No handles tho for doors and stuff, think they're for like pull-ups and squat added resistance


----------



## gaz90 (Jun 19, 2014)

in my basement gym i only have a rack, adjustable bench, bar and plates.

but with bands i can do tricep pushdowns, chest flys/crossover variations, leg curls, banded goodmornings are pretty good too, band curls


----------



## Dan94 (Dec 29, 2013)

gaz90 said:


> in my basement gym i only have a rack, adjustable bench, bar and plates.
> 
> but with bands i can do tricep pushdowns, chest flys/crossover variations, leg curls, banded goodmornings are pretty good too, band curls


sounds similar to me mate, what bands did you get? theres alot of normal ones out there, but hard to find some with the door anchor thing, found some in US but would be expensive for P&P


----------



## gaz90 (Jun 19, 2014)

Dan94 said:


> sounds similar to me mate, what bands did you get? theres alot of normal ones out there, but hard to find some with the door anchor thing, found some in US but would be expensive for P&P


i got loads from this crowd. was the cheapest i could find

http://www.ironwoodyfitness.com/


----------



## nWo (Mar 25, 2014)

Just make sure you don't get cheap unbranded ones, got some off eBay once and it snapped at full stretch, got a pretty savage whip on my shin that drew blood haha.
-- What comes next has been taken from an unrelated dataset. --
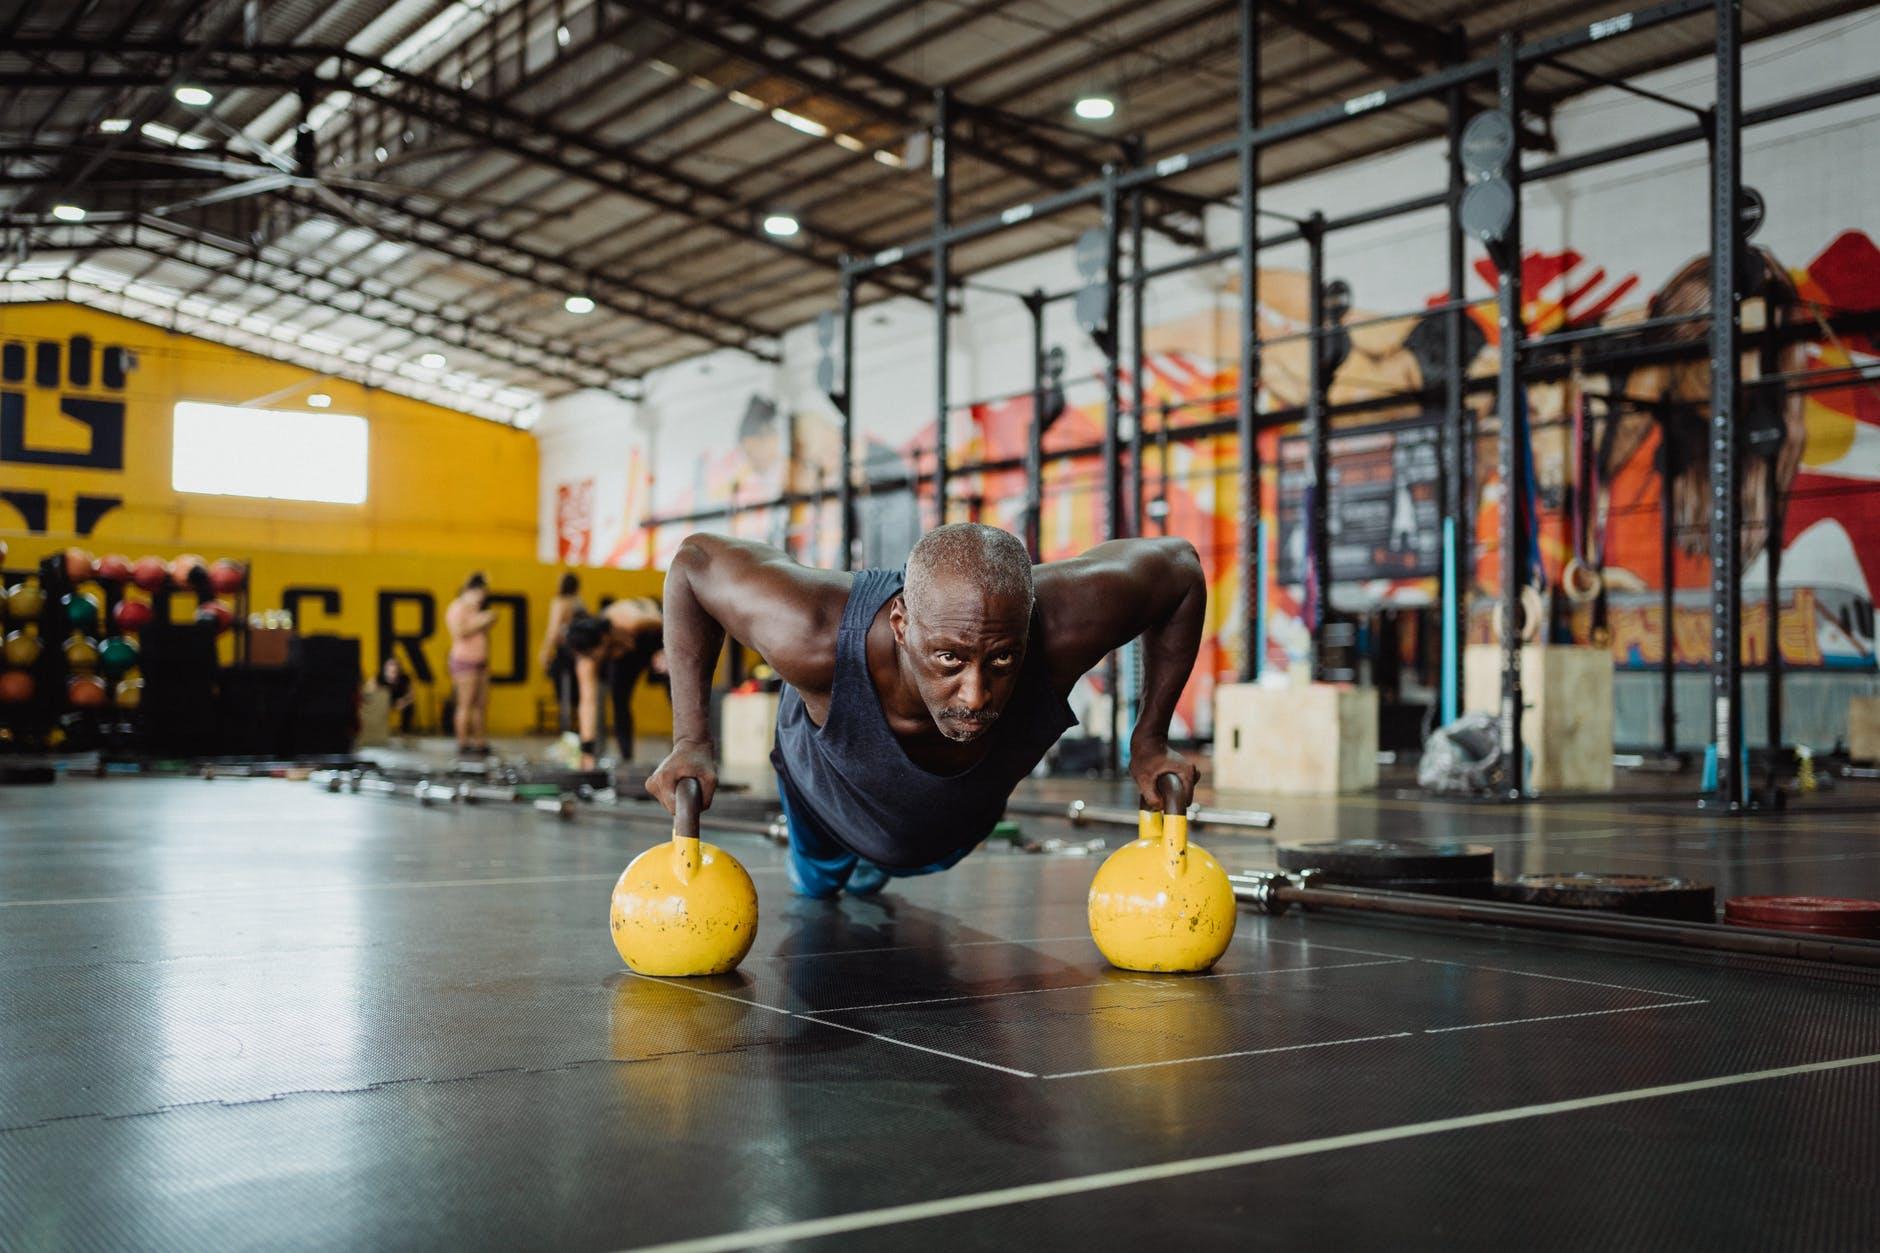 Gym for beginner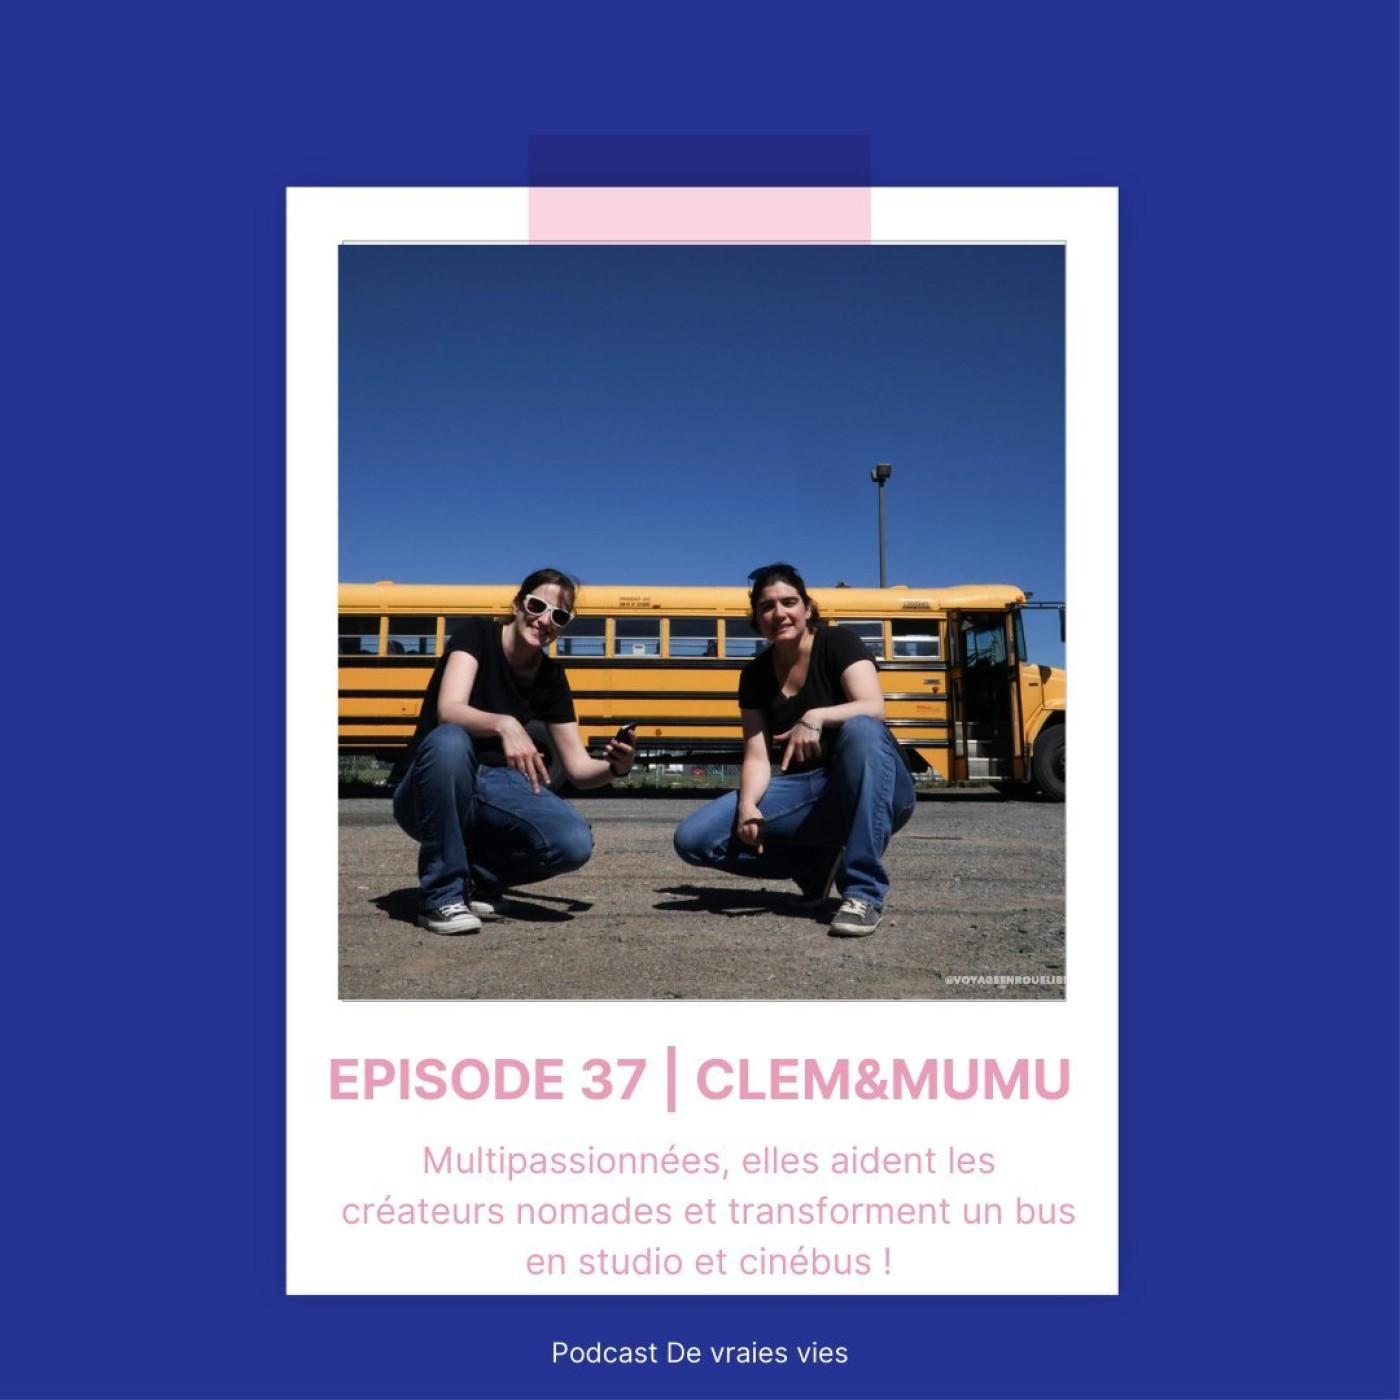 Clem&Mumu | Multipassionnées, elles aident les créateurs nomades et transforment un bus en studio et cinébus !

Still got the rest of the set, all I use them for these days is just grouping them up and doing band pullaparts for rear delts, brilliant exercise.


----------



## Kazza61 (Jun 14, 2008)

My favourite resistance band was Chumbawamba.


----------



## Dan94 (Dec 29, 2013)

gaz90 said:


> i got loads from this crowd. was the cheapest i could find
> 
> http://www.ironwoodyfitness.com/


what about handles or anchors to put in the door?


----------



## gaz90 (Jun 19, 2014)

Dan94 said:


> what about handles or anchors to put in the door?


no handles. ive never even seen bands with handles come with em. i just hold onto the band, on clip on a large caribiner and hold onto that.

to anchor them, i made my squat rack with band pegs. but you just loop them around a dumbbell or another piece of equipment.


----------